DNxHR is also widely used available onset. Camera manufacturers like Sony, Panasonic, Arri and RED are now offering it as a recording codec directly in their cameras. Most video recorders out in the last two years also offer the option to record uncompressed HD and 4K camera feeds in DNxHR for more efficiency.

 

All around codec

Right now, DNxHR is the only codec family available throughout the whole production and postproduction, on both Mac and Windows and available natively in all the major post-production applications out there.

 

Technically speaking

DNxHR is far more versatile than the original DNxHD. There are 5 denominations that can all be used in HD and 4K in whatever frame rate you need. Here is a quick chart showing the different flavors:

 

CODEC Bit Depth Color sampling Alpha support Usage
DnxHR 444 10 or 12 RGB – 4:4:4 yes Finishing / Cinema delivery
DnxHR HQX 10 4:2:2 no UHD broadcast delivery (12bit)
DnxHR HQ 8 4:2:2 no UHD broadcast delivery (12bit)
DNxHR SQ 8 4:2:2 no HD and SD broadcast delivery
DnxHR LB 8 4:2:2 no offline editing

These are I-frame codecs meaning that each frame have info for every pixels and are independent from the previous and next frame. So depending on the frame size and the frame rate, you’ll get different file size and bitrate.  

DHxHR bitares un MB/s

Resolution Framerate DnxHR 444 DnxHR HQX DnxHR HQ DnxHR SQ DnxHR LB
1920 x 1080 23.98 41.68 20.79 20.79 13.77 4.31
1920 x 1080 29.97 52.10 26.00 26.00 17.21 5.39
2048 x 1080 24.00 44.39 22.20 22.20 14.70 4.59
4096 x 2160 24.00 177.67 88.88 88.88 55.07 17.14

 

For all those reasons, we will now use DNxHR for our  dailies, intermediates, renders and masters. It gives us a more streamlined streamlined workflows with less variables. And since we work on all our projects hand-in-hand with our client, this decision will accelerates the transfers, the technical discussions and make every steps more efficient.

 

Mathieu Marano

Colorist & Post Supervisor @ CineGround

15 Replies to “We are moving to DNxHR”

  1. Yes, many of us are faced with the same dilemma. If we can convince our clients to accept DNxHR 444 as being identical to ProRes 444, it might work. But that’s a big “if.” Legacy deliverable contracts are hard to overcome.

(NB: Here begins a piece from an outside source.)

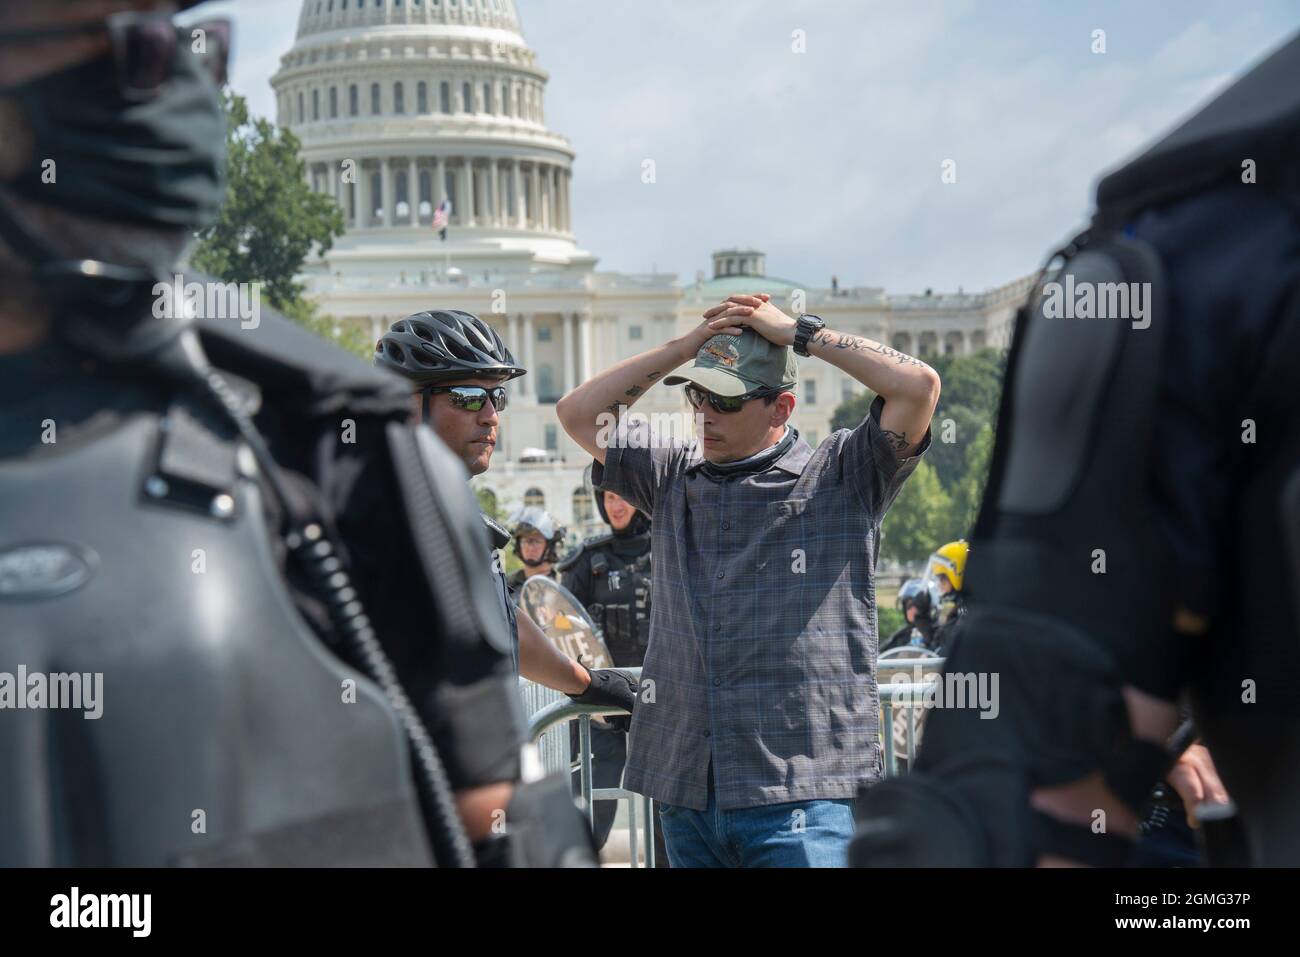 Washington DC, September 18, 2021, USA: An unidentified man was arrested by US Capitol police as the Justice for J6 rally was ending.  The cause of th Stock Photo

  2. We moved to DNxHR recently for similar reasons – Windows systems that were getting hammered by ProRes formats and we needed to streamline the whole workflow, from ingest/transcode on. It just works. Great move.

    1. Because it’s in beta and most unsupported solutions like this one disappeared with a couple months. So we can’t base our day to day workflow on such tool. and we don’t have to because we have solid solutions with DNxHR.

  3. Thanks for the write up. We use Go Pro cineform for this reason. Interested to know if you looked at cineform before fixing on DNxHR? If so, where did it fall down?

    1. Well, Cineform is not as widely adopted, requires individual installs on most NLE and its future is uncertain so that’s where it stops for us. Also, it is not an accepted codec for broadcast deliveries.

  4. What about gamma when you transferring your files between systems? I used Uncompressed YUV 10 bit for years beacuse that was the only soluiton that kept proper gamma levels when exported from PC AE or Nuke.
    Have you checked it by a chance?